--- Source material Enclosed Below ---

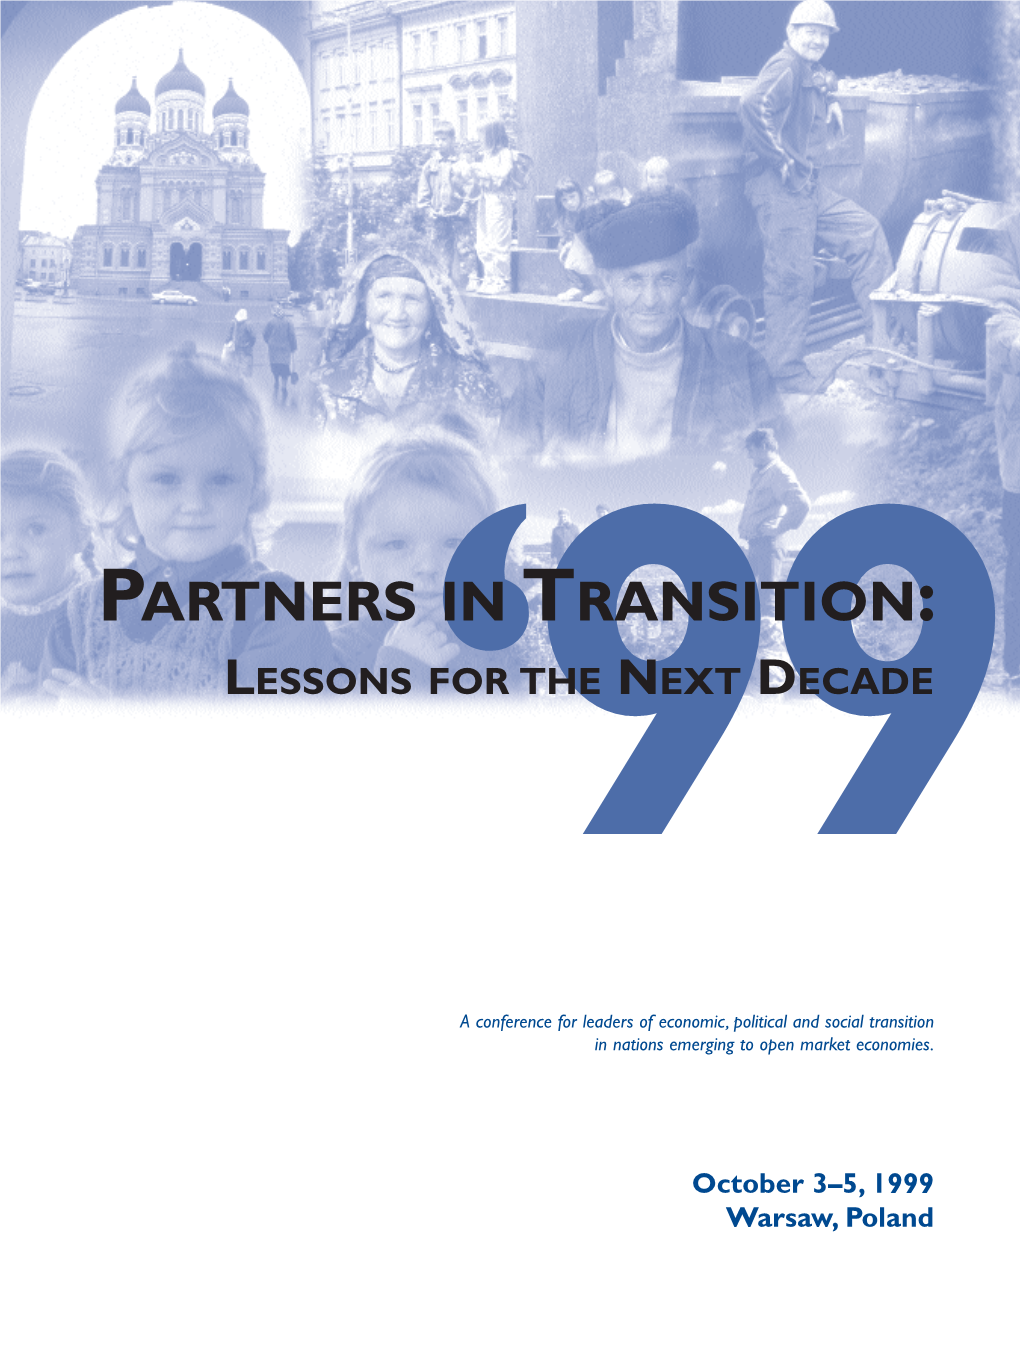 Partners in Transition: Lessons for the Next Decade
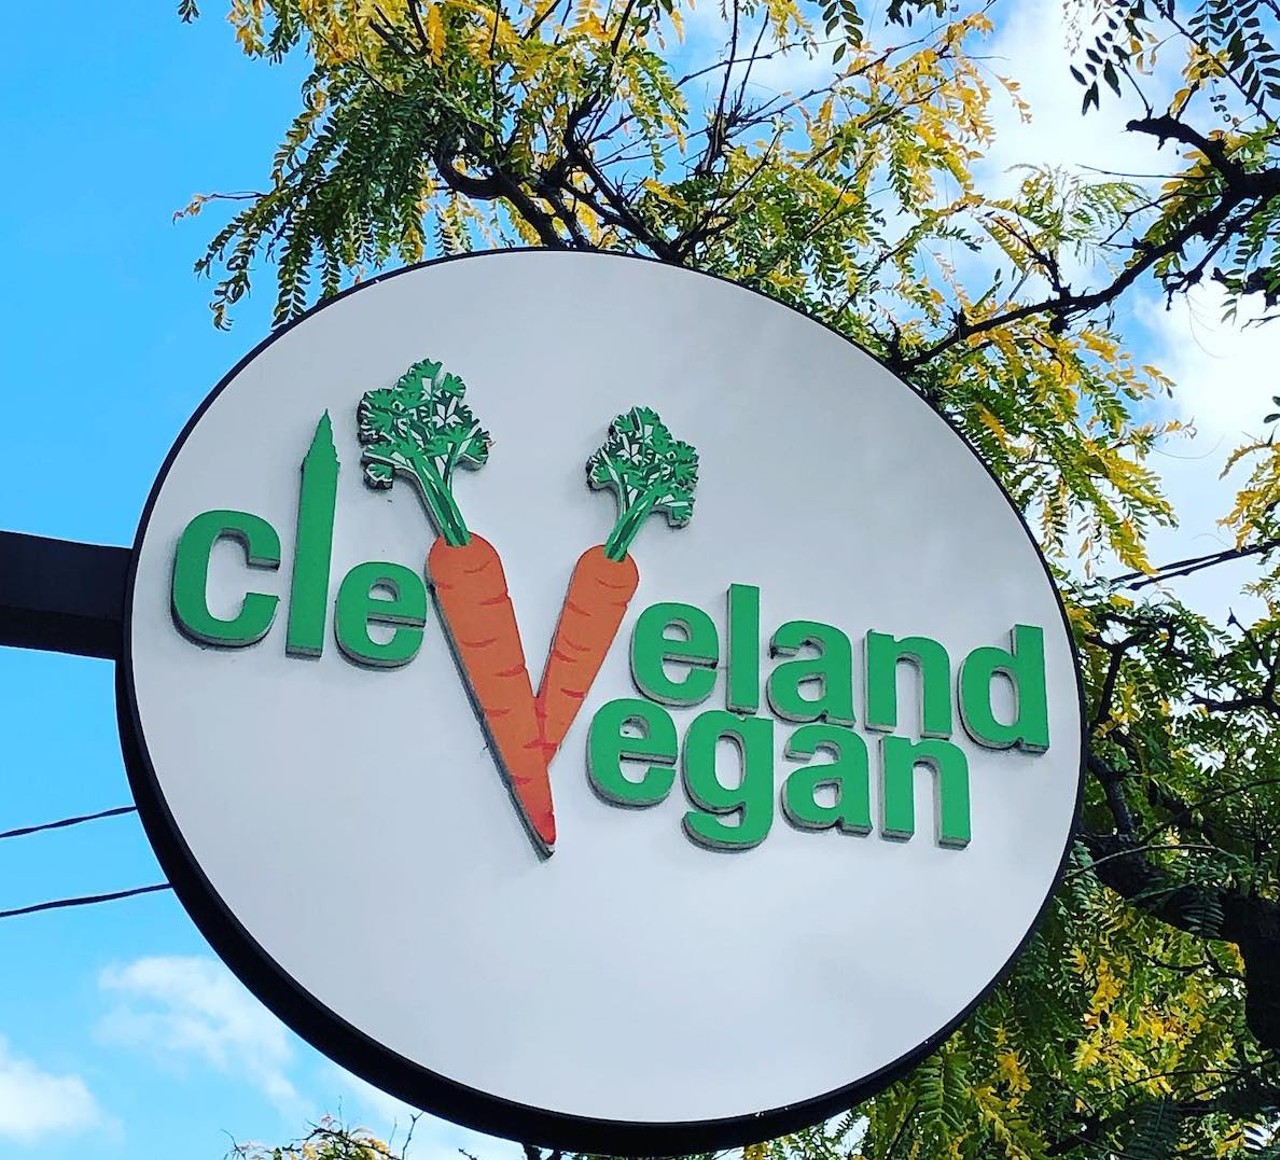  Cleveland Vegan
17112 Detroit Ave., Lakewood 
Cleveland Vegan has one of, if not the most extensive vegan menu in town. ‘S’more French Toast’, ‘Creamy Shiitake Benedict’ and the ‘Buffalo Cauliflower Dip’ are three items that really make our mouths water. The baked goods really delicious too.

--- End of Enclosed Source material ---

The task ::
Copy nothing but the lines from the top of the material through the line holding "17112 Detroit Ave., Lakewood", exactly as written; omit pictures.

Exercise result ::
 Partners in Transition: Lessons for the Next Decade
  Cleveland Vegan
17112 Detroit Ave., Lakewood 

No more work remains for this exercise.